**ABOUT THIS EXERCISE**
Images within the entries are to be omitted; the remainder must be reproduced exactly.

**EXERCISE INPUTS**
######

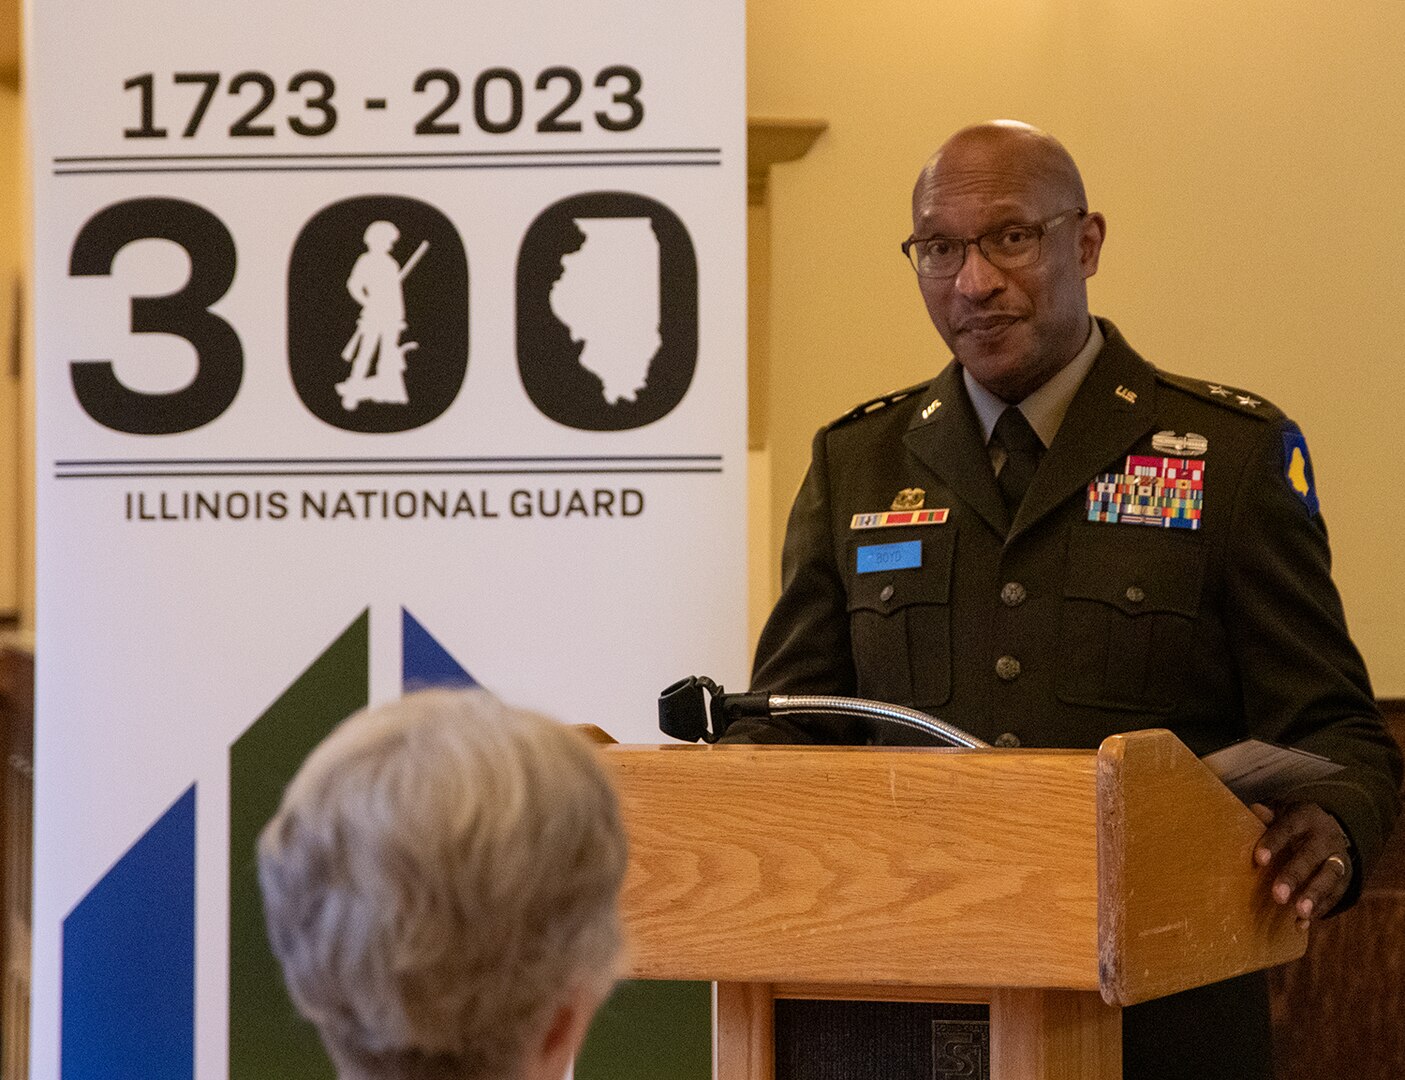 Maj. Gen. Rodney Boyd, Assistant Adjutant General-Army and Commander of the Illinois Army National Guard, addresses the crowd during a ceremony commemorating the 78th anniversary of the rescue of King Leopold III from German Nazis during World War II by Soldiers from the Illinois Army National Guard’s 106th Cavalry Regiment and marking the 300th birthday of the Illinois National Guard in Springfield May 6.
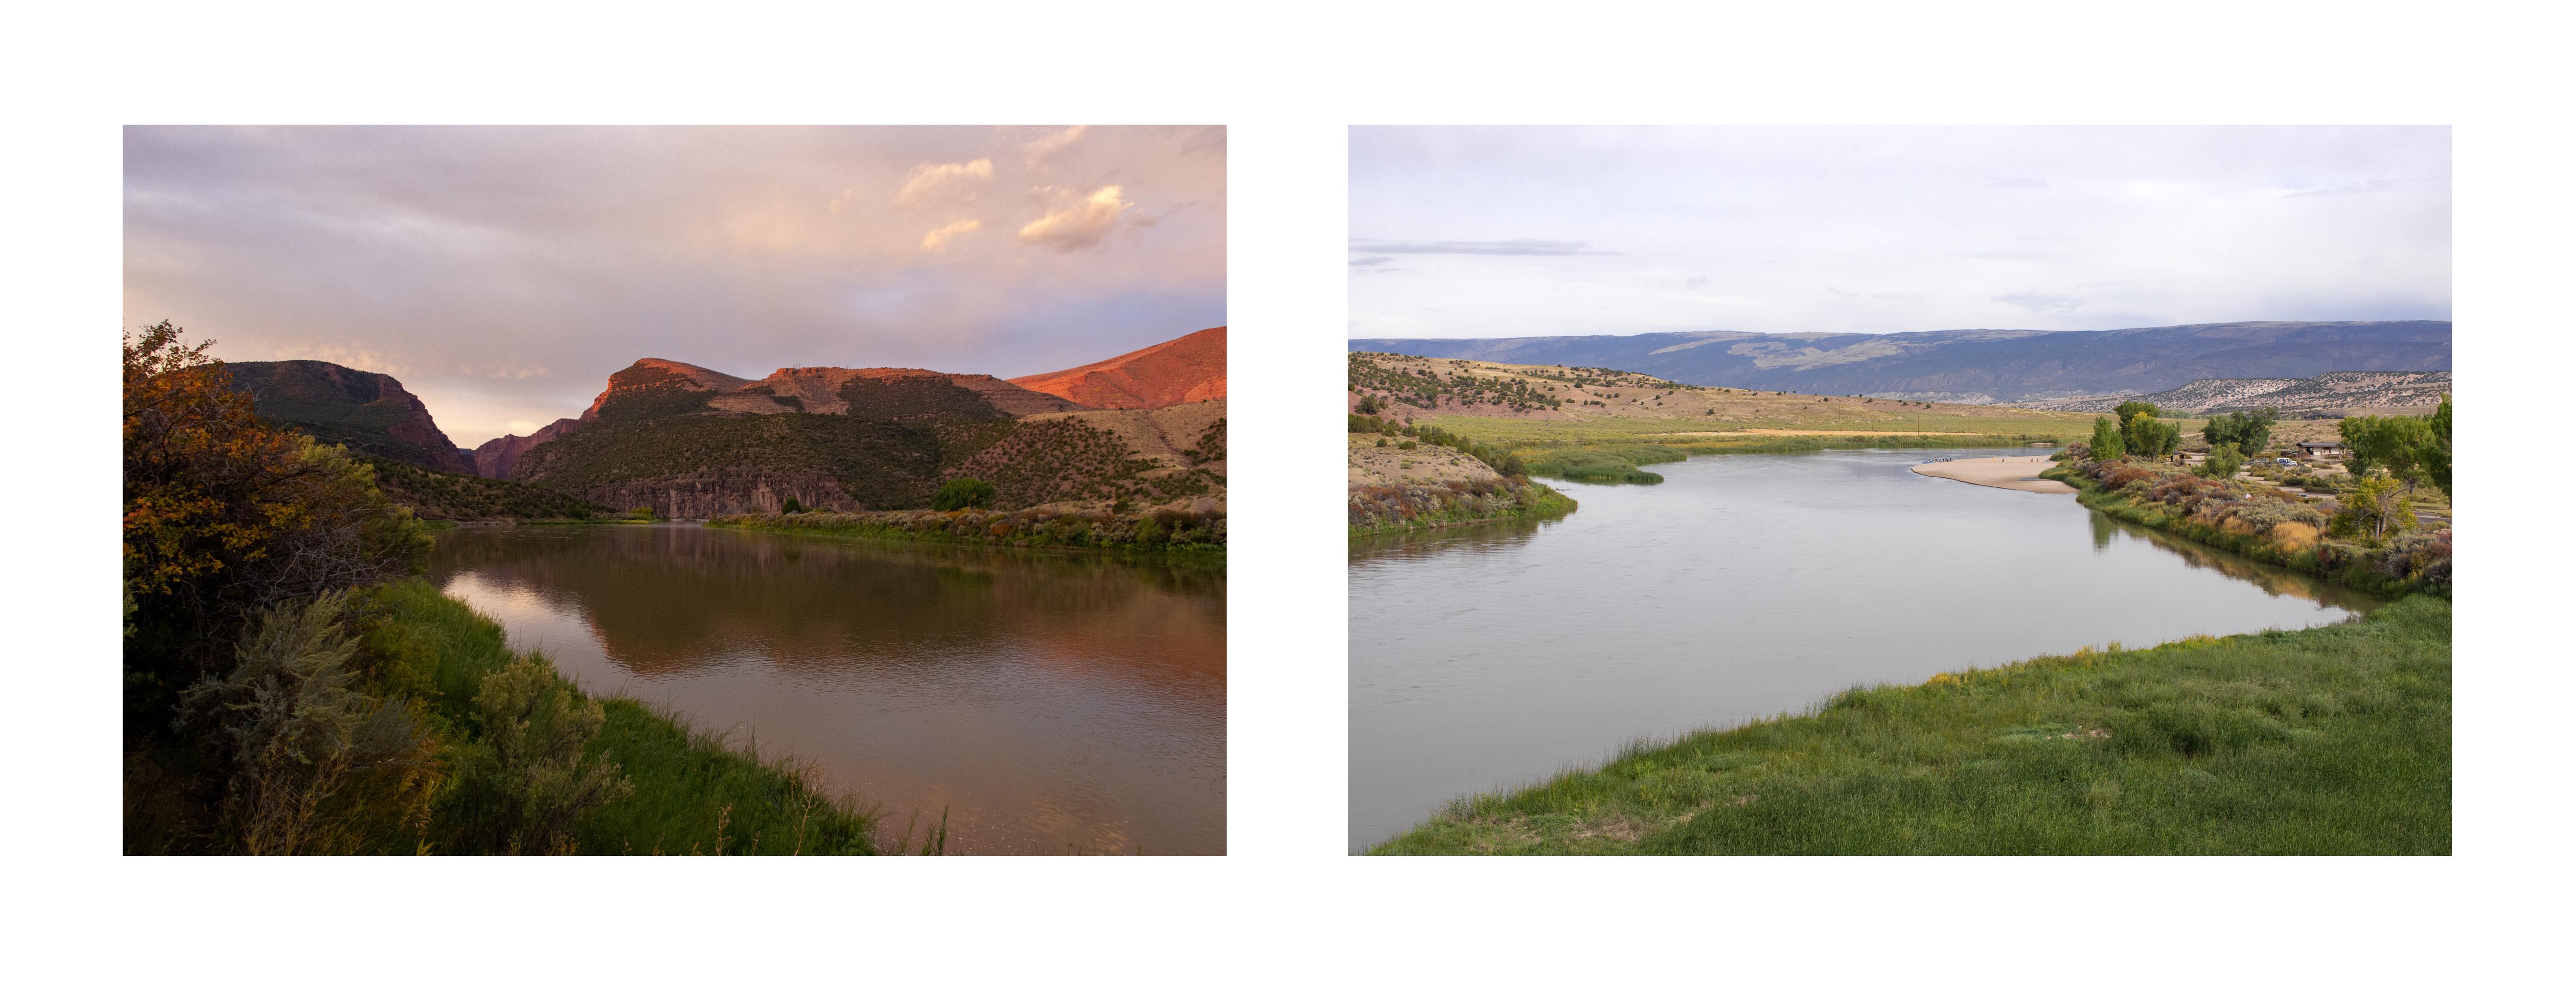 Edie Winograde Color Photograph - diptych from series Sight Seen; "Gates of Lodore, dawn" and "Green River, raft"
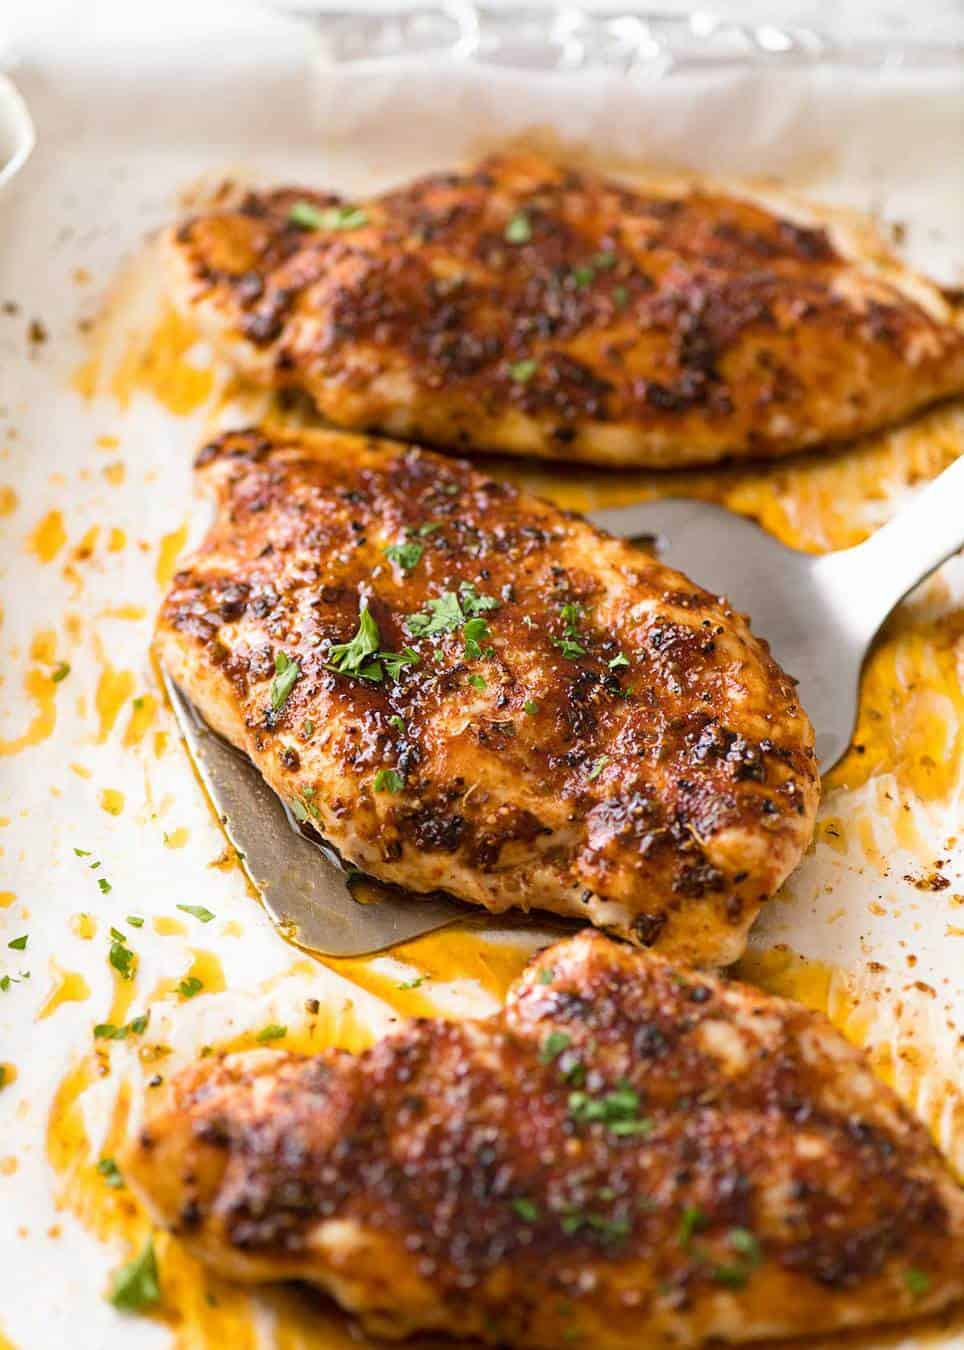 Recipes For Baked Chicken
 Oven Baked Chicken Breast
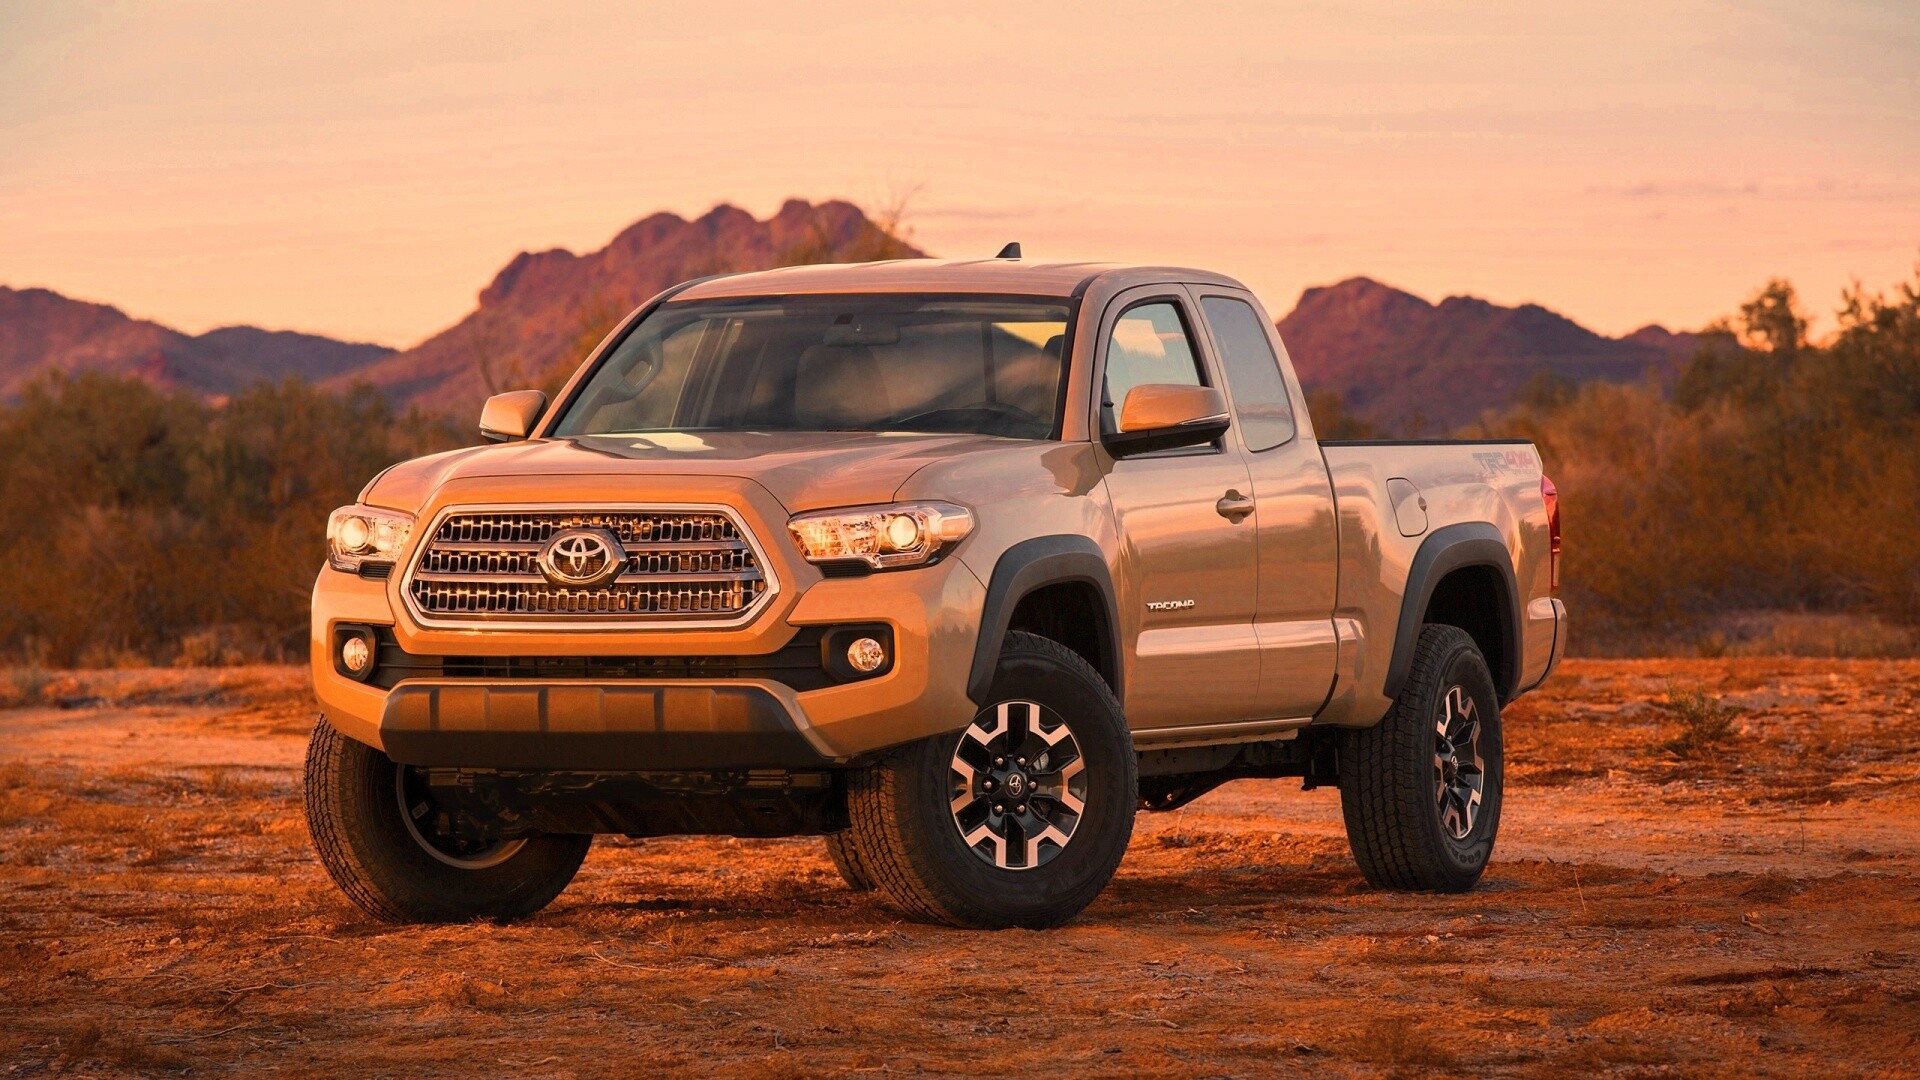 Toyota Tacoma: The third generation was officially unveiled at the January 2015 North American International Auto Show. 1920x1080 Full HD Background.

######

**ANSWER TO THIS TASK**
 Maj. Gen. Rodney Boyd, Assistant Adjutant General-Army and Commander of the Illinois Army National Guard, addresses the crowd during a ceremony commemorating the 78th anniversary of the rescue of King Leopold III from German Nazis during World War II by Soldiers from the Illinois Army National Guard’s 106th Cavalry Regiment and marking the 300th birthday of the Illinois National Guard in Springfield May 6.
 Edie Winograde Color Photograph - diptych from series Sight Seen; "Gates of Lodore, dawn" and "Green River, raft"
 Recipes For Baked Chicken
 Oven Baked Chicken Breast
 Toyota Tacoma: The third generation was officially unveiled at the January 2015 North American International Auto Show. 1920x1080 Full HD Background.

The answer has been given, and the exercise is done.